On the evening of 14 April John Wilkes Booth burst into Lincoln’s box at Ford’s Theatre in Washington, shooting the President at short range. Booth, a handsome ladykiller, was a celebrated actor; as actors sometimes do, he saw himself as performing a heroic role offstage. By 1865 his hatred of Lincoln had become obsessional. He must be put out of the way. After shooting him he leapt out of the box on to the stage, breaking his leg. Astonishingly he evaded his pursuers for several days, his leg set by a Confederate doctor, to be shot escaping from a burning barn.

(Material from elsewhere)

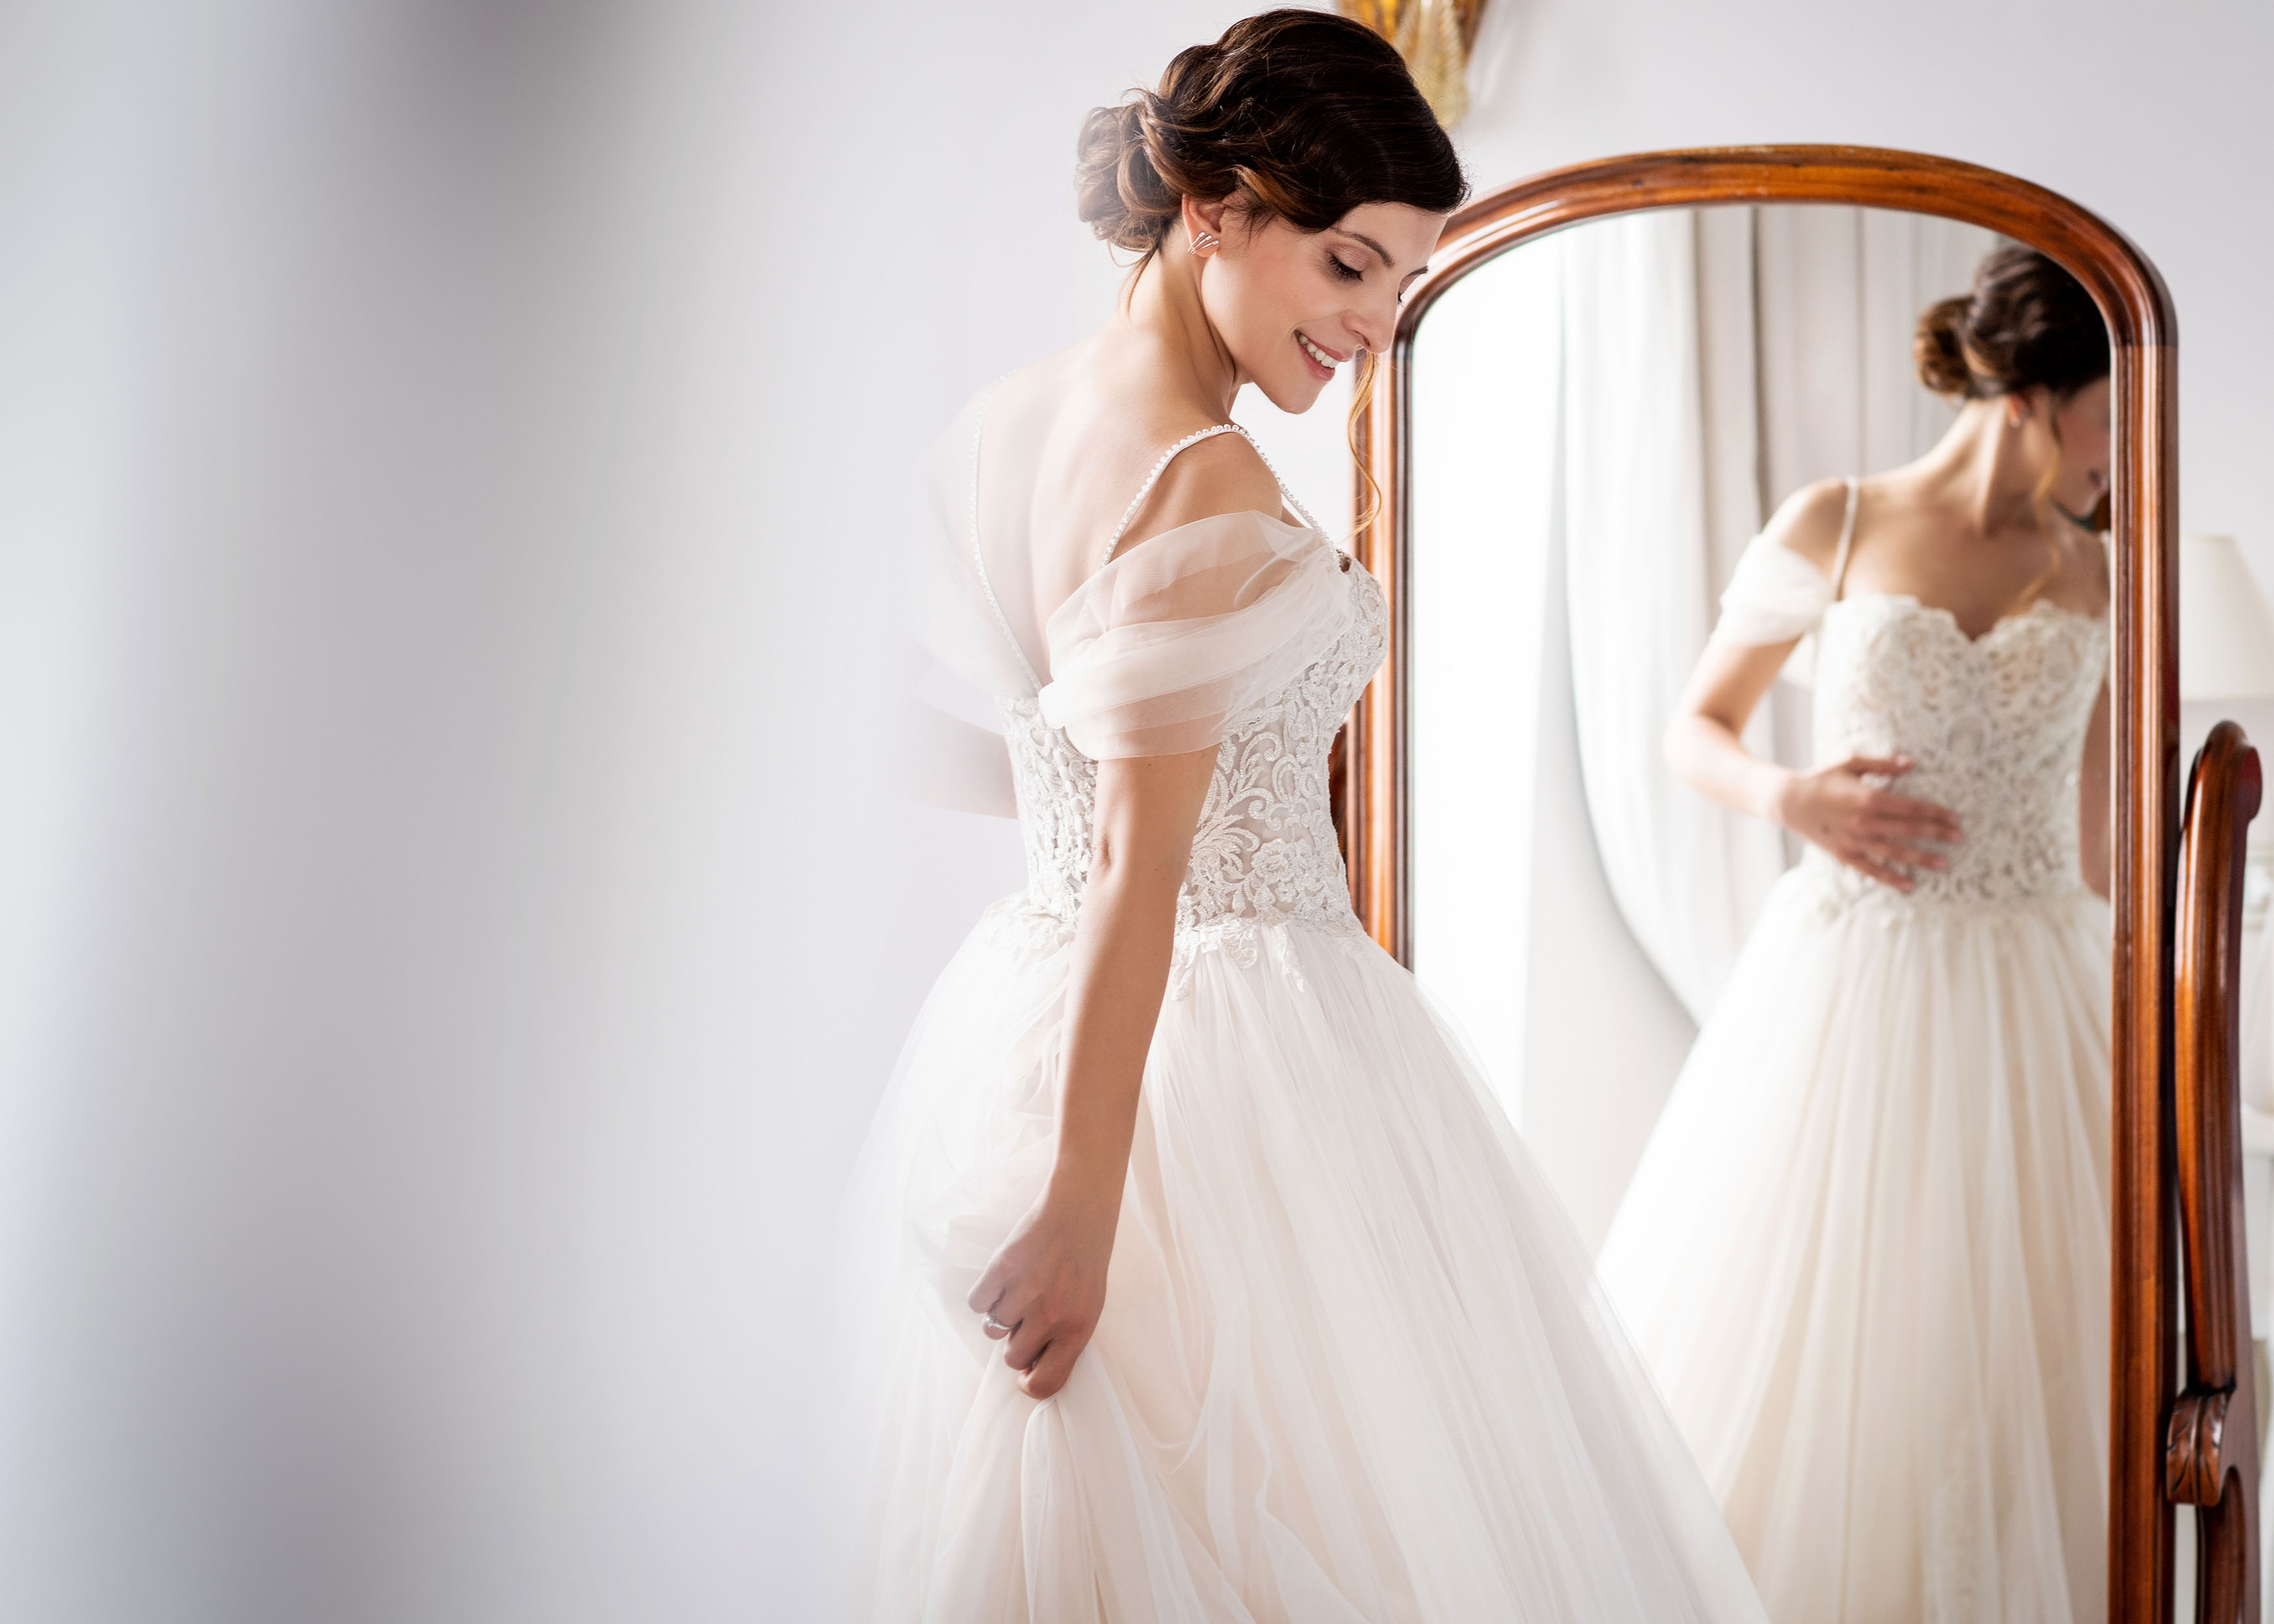 http://www.weddingamalfi.com/wp-content/uploads/Katia-Jorge-18-maggio-2019-15.jpg

Thus he could not be tried in person by the military commission set up to investigate those responsible for Lincoln’s assassination. Nor could John Surratt, long suspected by the Union authorities of being a Confederate spy and courier, who was Booth’s friend and closest associate. With safe houses provided by Confederate sympathisers and Catholic priests he escaped to Canada. In the absence of the two main conspirators the military commission was left with the task of trying Booth’s accomplices. One of them was Mary Surratt, John’s mother. Found guilty, she was condemned to be hanged on 16 July.

Mary was a resolute defender of the cause of the Confedederate rebels. She herself employed slaves, two of whom testified to her good character at her trial. On becoming a Catholic she displayed all the zeal of a convert. Her defence lawyers dwelt on her piety as a Christian. She was married to a hopeless drunkard, who died leaving her loaded with his debts; to meet these she became a business woman. In Washington she made a respectable living running a boarding house. One of her lodgers was Louis Weichmann, a fellow Catholic and friend of Mary’s son John. Weichmann found Mary a warm-hearted landlady but was puzzled by the goings-on at the boarding house: the frequent visits of Booth and his private conversations with her son John. After Lincoln’s assassination he became convinced to the end of his life that she was guilty of the charges of the military commission.

To the prosecution it was immediately clear that Mary had kept a safe house for the assassins. Her boarding house was the nest where the conspiracy to kill Lincoln was hatched in. Weichmann’s testimony was damning. A hidden photograph of Booth was found by a detective in Mary’s room. Lewis Payne, whose task in the Booth conspiracy was to murder William Seward, Secretary of State for War, burst into Seward’s house but failed to stab him to death. He was caught seeking refuge in Mary’s house to change his bloodstained jacket. Larson maintains that she must have known what her son and Booth were up to. There is no direct evidence of her conversations and dealings with Booth and her son. Mary swore in court that she was innocent of any knowledge of their plans. My typist points out that I have only the haziest notion of what my sons and their friends are up to; and as a landlady she herself does not enquire into her guests’ concerns. I accept, with reservations, Larson’s conclusion that Mary was guilty of the charges brought against her by the military commission.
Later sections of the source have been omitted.